RBCs and donor exposures
Fewer RBC transfusions were given to subjects in the washed group compared to the unwashed group (191 v. 212), with a mean of 2.34 ± 3.1 transfusions per subject in the washed group, compared to 2.63 ± 4.0 in the unwashed group (p = 0.61). Correspondingly, the washed group had fewer RBC donor exposures than the unwashed group (154 v. 165), with a mean of 1.9 ± 2.1 RBC exposures per subject in the washed group, compared to 2.04 ± 2.5 in the unwashed group (p = 0.7).
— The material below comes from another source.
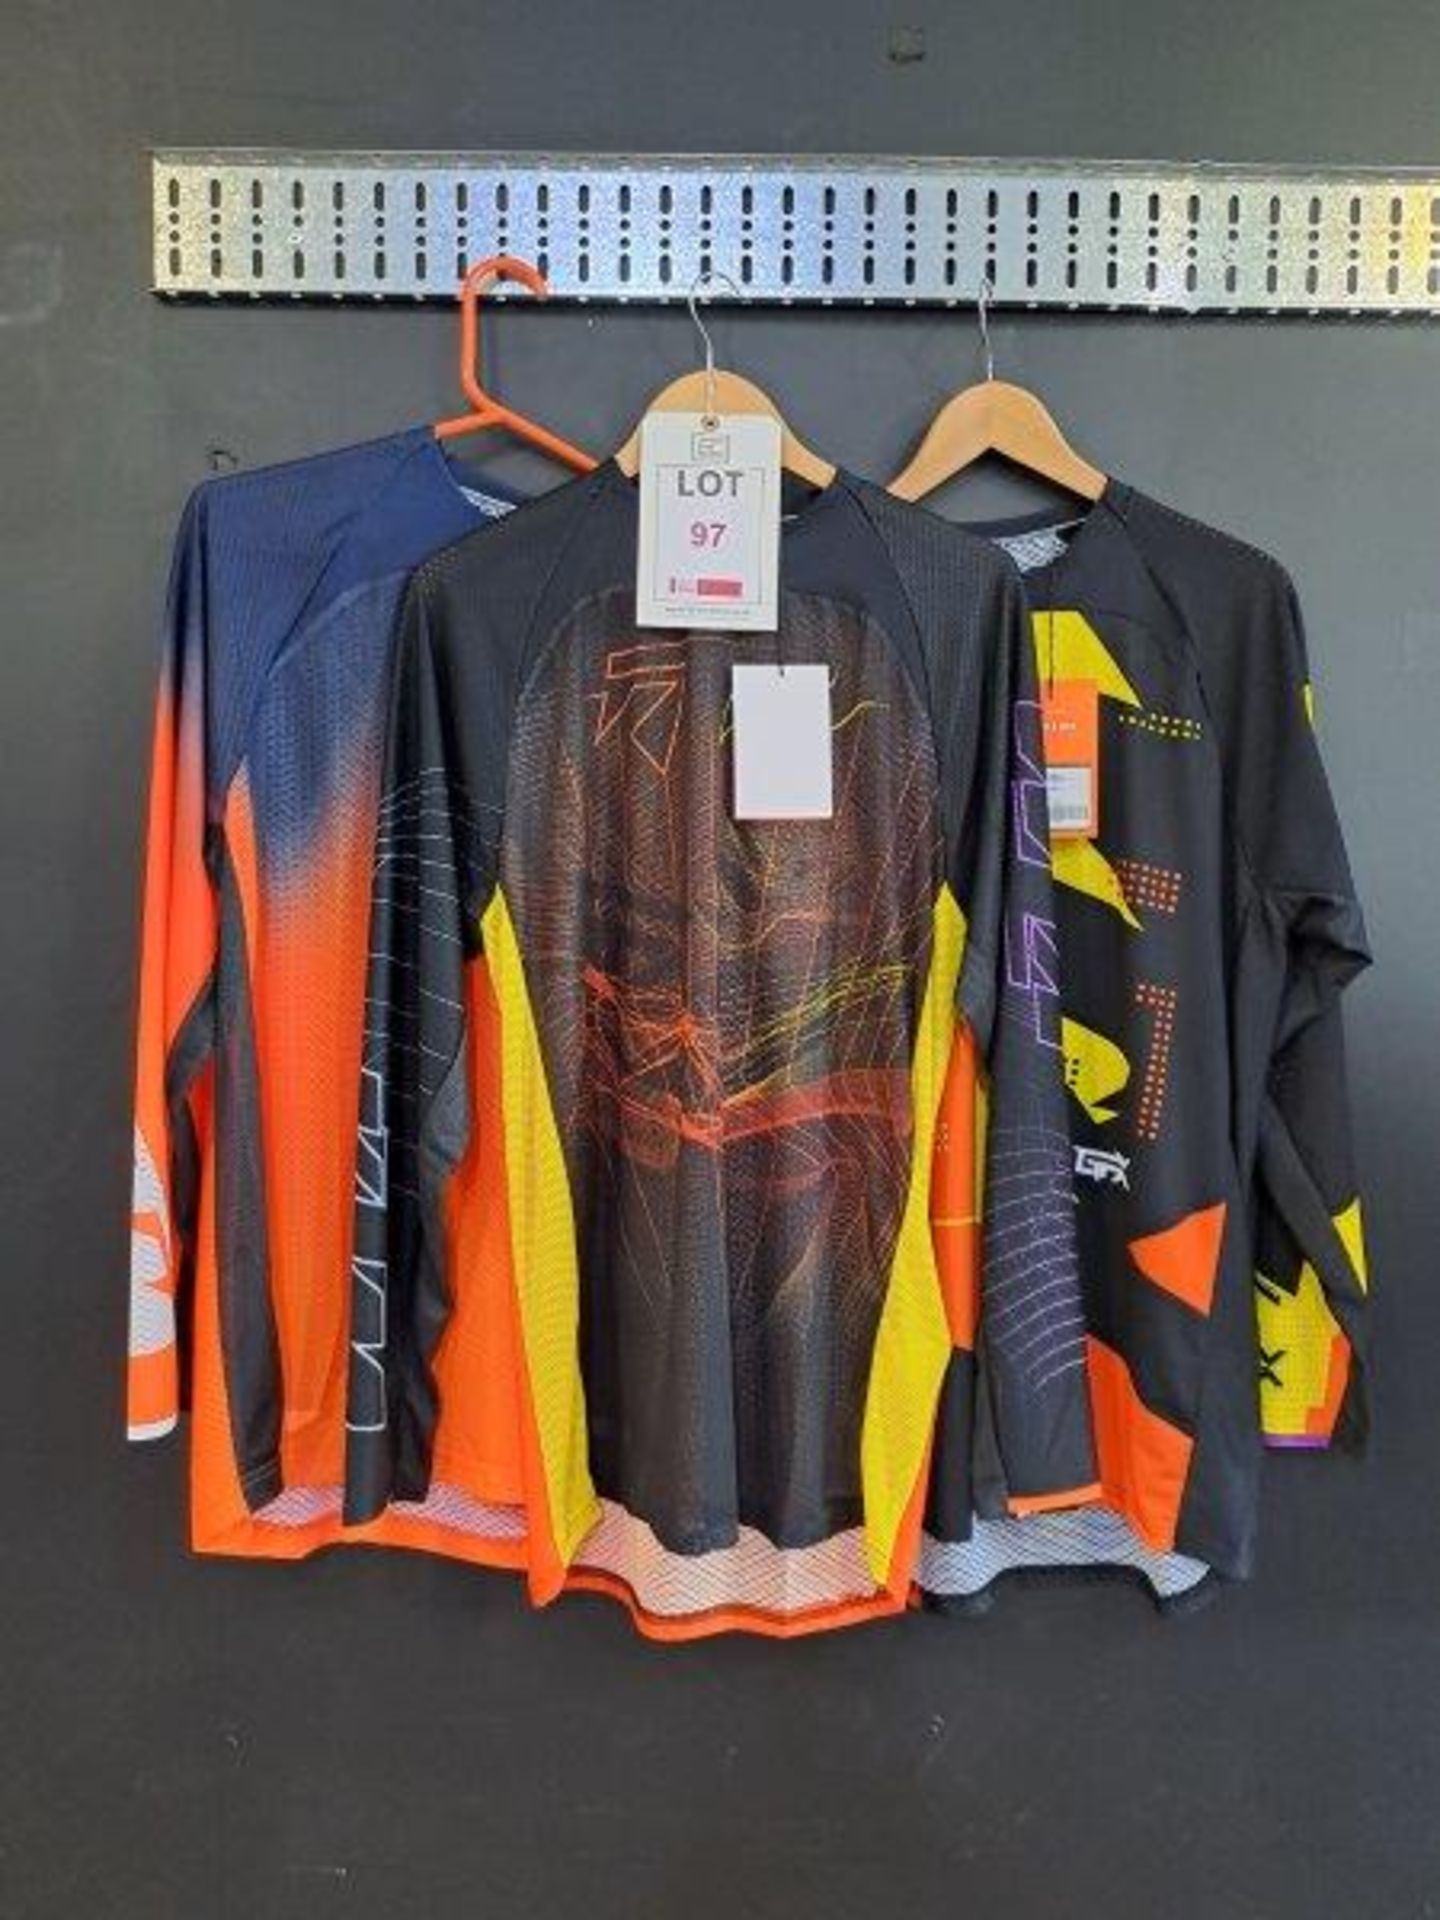 3 x KTM Shirts, Size Large

Pro-hemostatic blood components
The washed group received fewer peri-operative platelet (4 v. 15), plasma (5 v. 15), and cryoprecipitate (2 v. 9) transfusions than the unwashed group, though these differences were not statistically significant (Table 2).
Table 2
Table 2
Clinical outcomes for Treatment delivery sample (Transfused subjects).
Storage Age
The storage age of the RBCs transfused to each treatment group was similar (16.1 ± 7.3 and 17.6 ± 8.7 days; p = 0.23) for the unwashed and washed groups respectively. All platelets were transfused between 3-5 days following collection (the first 3 days were required for infectious disease testing). FFP was transfused within 24 hours, and cryoprecipitate within 6 hours of thawing.
Clinical Outcomes
Protocol violations occurred in three subjects (<2%), one in the washed group and two in the unwashed group. The washed group subject was a neonate with hypoplastic left heart syndrome (HLHS) following modified Norwood (Sano) palliation who received one unwashed platelet transfusion; (all other transfusions were according to protocol). The two unwashed subjects both required extracorporeal membrane oxygenation (ECMO) support, and per the current standard of care at URMC, all cellular blood products transfused on ECMO are washed to prevent hyperkalemia. The first subject had HLHS with Glenn shunt complicated by atrioventricular valve regurgitation. He underwent St. Jude valve replacement and was on ECMO for ten hours post-op, then returning to the unwashed strategy. The second subject had anomalous right and left coronary arteries (off the main pulmonary artery) and transitioned from CPB to ECMO. He received washed blood on ECMO and subsequently died when ECMO was discontinued on POD #4.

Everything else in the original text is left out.